Pay attention to the punctuation: the initialization, test and increment are separated by semi-colons, and surrounded by parentheses. Individual initialization or increment statements (as in our example) are separated by commas. It's all boring syntax, but you'll get used to it eventually.

What's a pointer? See the discussion on Memory Management.

Essentially, we want our program to display to the standard output the key and value from each entry in the freqs map. Reading the Standard Template Library documentation, we learn that each entry is a pair object, and a pair object has two publically accessible fields (called "data members" in C++): first (which, for map objects, holds the key) and second (which holds the value). Iterators return pointers to objects, so to access the first and second fields from the current iterator pointer, we use it->first and it->second. If we didn't care about columns or printing out special characters, the code would look like this:

  for (it = freqs.begin(); it != freqs.end(); it++) 
    {
    cout << it->first << "\t" <<  it->second << "\n");
    }

In fact, this is a very common programming idiom when using iterators.

Cout and about

Small exercise: compile and run this program: cat.cpp.

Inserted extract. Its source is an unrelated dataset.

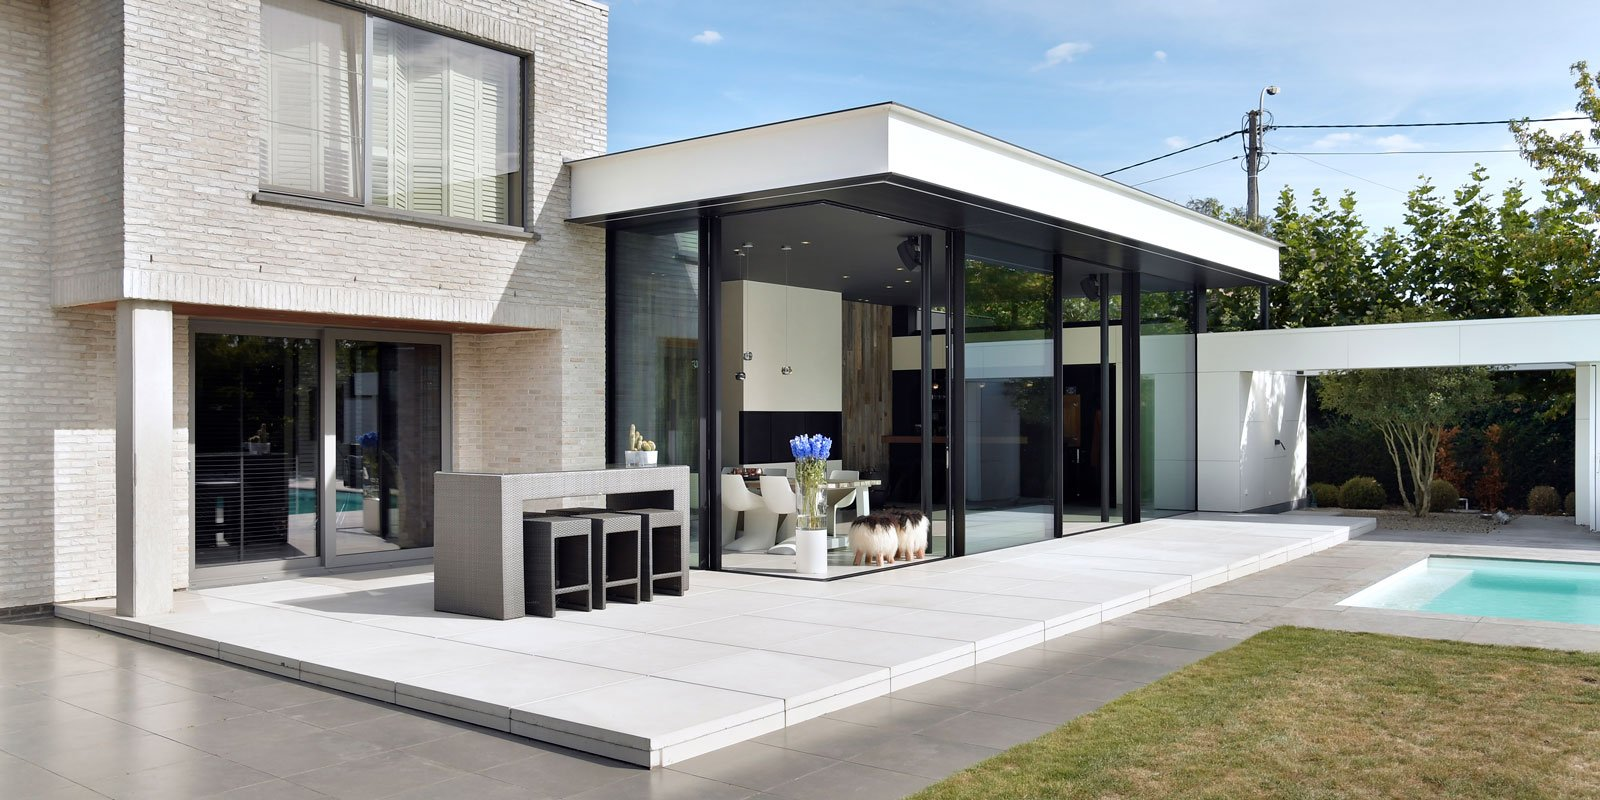 De tuinkamer, Tail Architectuur, the art of living
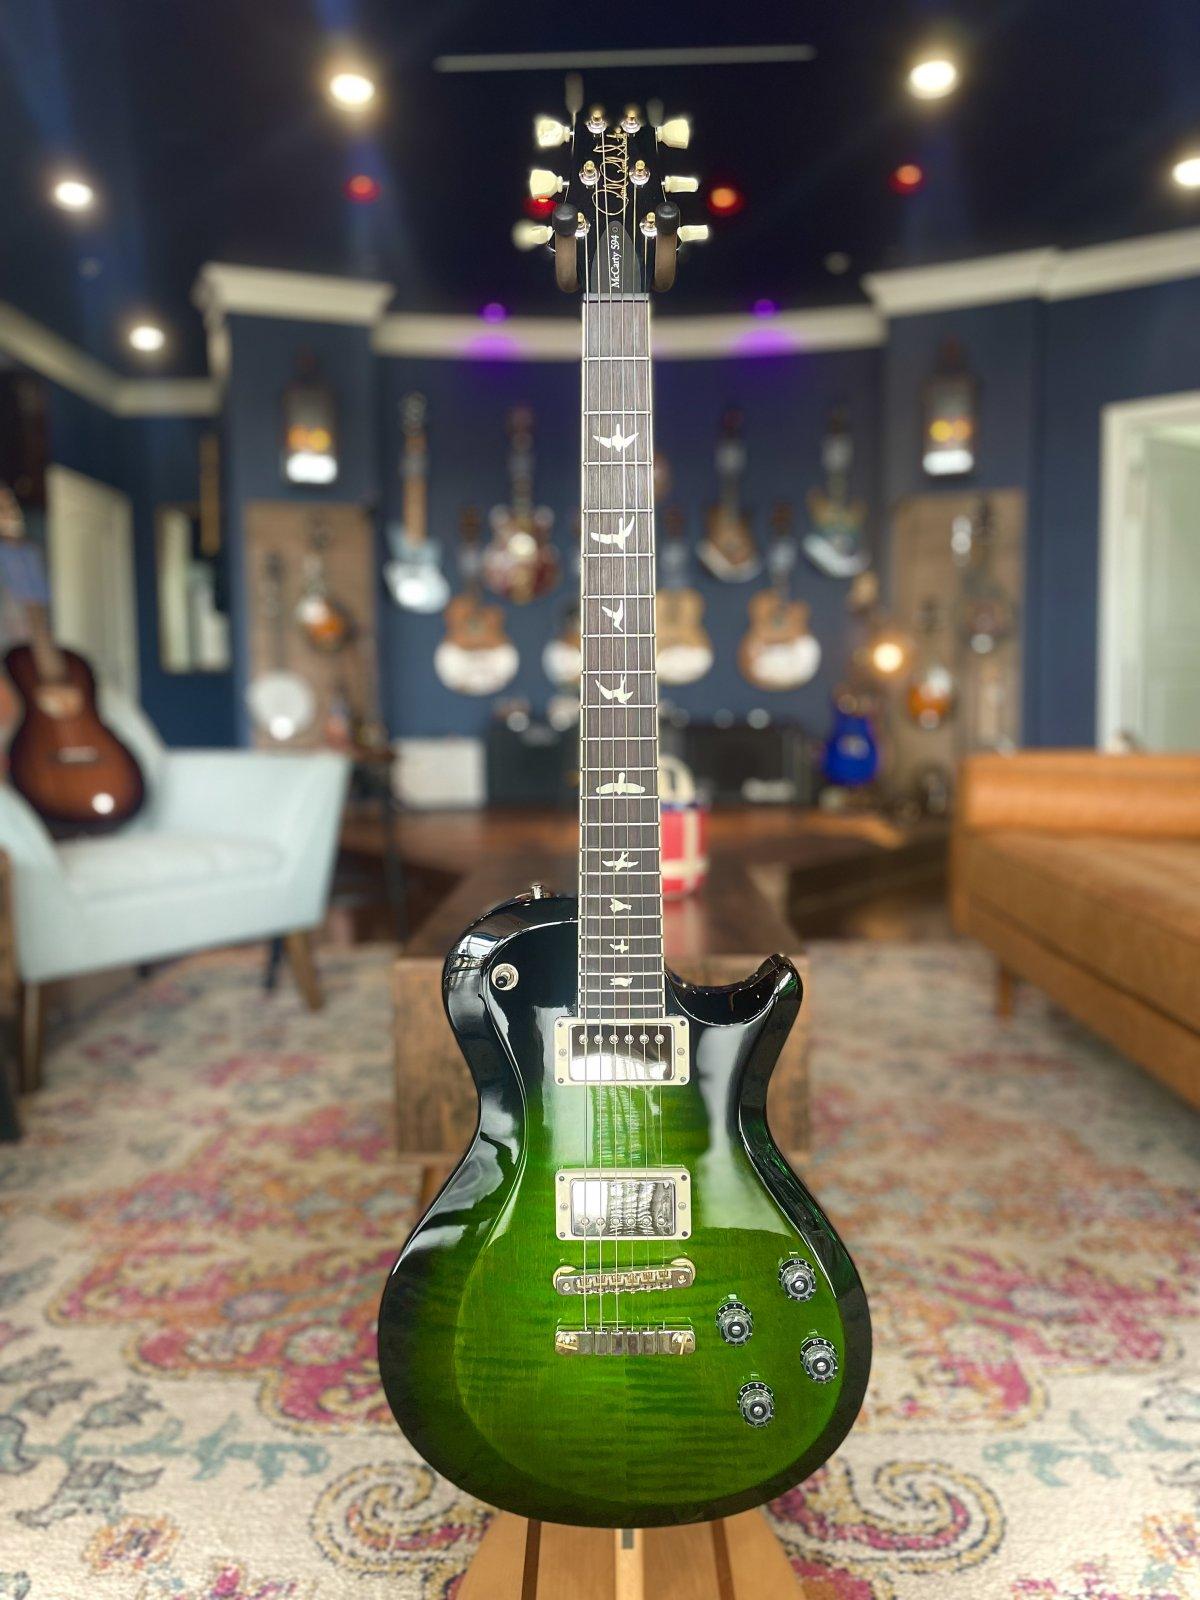 PRS S2 McCarty 594 Singlecut Electric Guitar - Eriza Verde Wrap

We'll ignore the details of the << and >> operators here, but notice that we send (the printed representation of) data to cout with <<, and we can "chain" data to send to cout with multiple uses of <<. Data can be sent from cin to variables using the >> operator; if we wanted to send data from cin to a string variable until we reached the end of file, we could use this while loop:

  string str;
  while (cin >> str)
    {
    do something with str ...
    }

Switch hitting

Some special characters: \n is newline; \r is carriage return; \t is tab.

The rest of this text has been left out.